Service user involvement in cancer care: the impact on service users

Background  Service user involvement is embedded in the United Kingdom’s National Health Service, but knowledge about the impact of involvement on service users, such as the benefits and challenges of involvement, is scant. Our research addresses this gap. Objective  To explore the personal impact of involvement on the lives of service users affected by cancer. Design  We conducted eight focus groups with user groups supplemented by nine face‐to‐face interviews with involved individuals active at a local, regional and national level. Thematic analysis was conducted both independently and collectively.

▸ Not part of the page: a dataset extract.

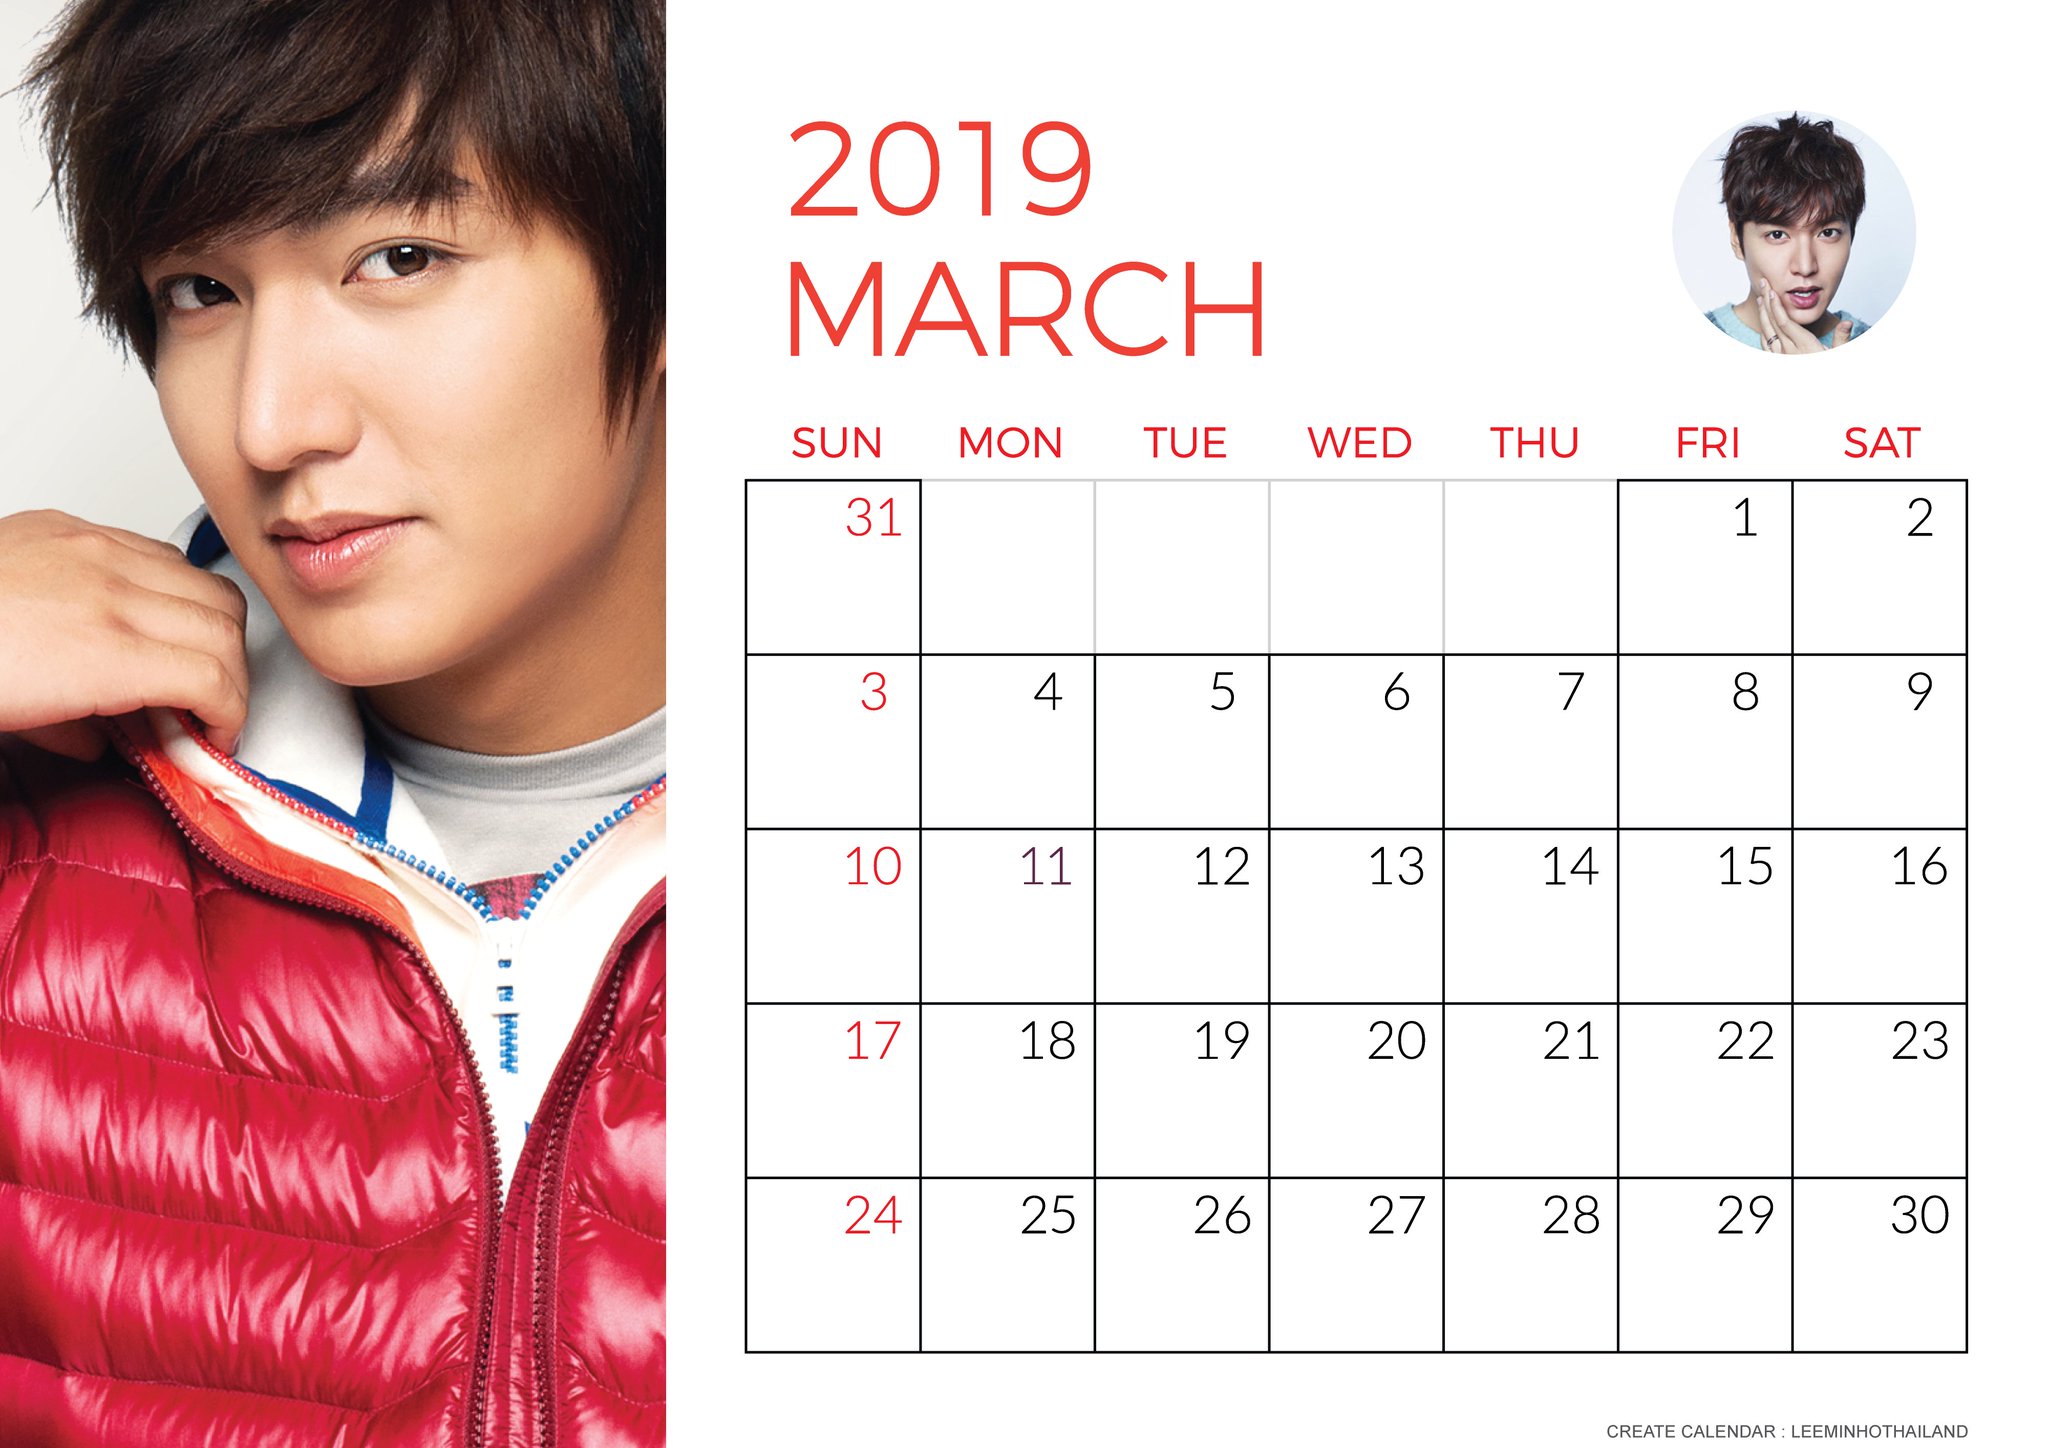 LEEMINHOTHAILAND on Twitter "[PHOTO] Lee Min Ho Calendar March 2019

Setting and participants  Sixty‐four participants, engaged in involvement activities in cancer services, palliative care and research, were recruited across Great Britain. Results  We identified three main themes: (i) ‘Expectations and motivations for involvement’– the desire to improve services and the need for user groups to have a clear purpose, (ii) ‘Positive aspects of involvement’– support provided by user groups and assistance to live well with cancer and (iii) ‘Challenging aspects of involvement’– insensitivities and undervaluing of involvement by staff. Conclusions  This study identified that involvement has the capacity to produce varied and significant personal impacts for involved people. Involvement can be planned and implemented in ways that increase these impacts and that mediates challenges for those involved. Key aspects to increase positive impact for service users include the value service providers attach to involvement activities, the centrality with which involvement is embedded in providers’ activities, and the capacity of involvement to influence policy, planning, service delivery, research and/or practice.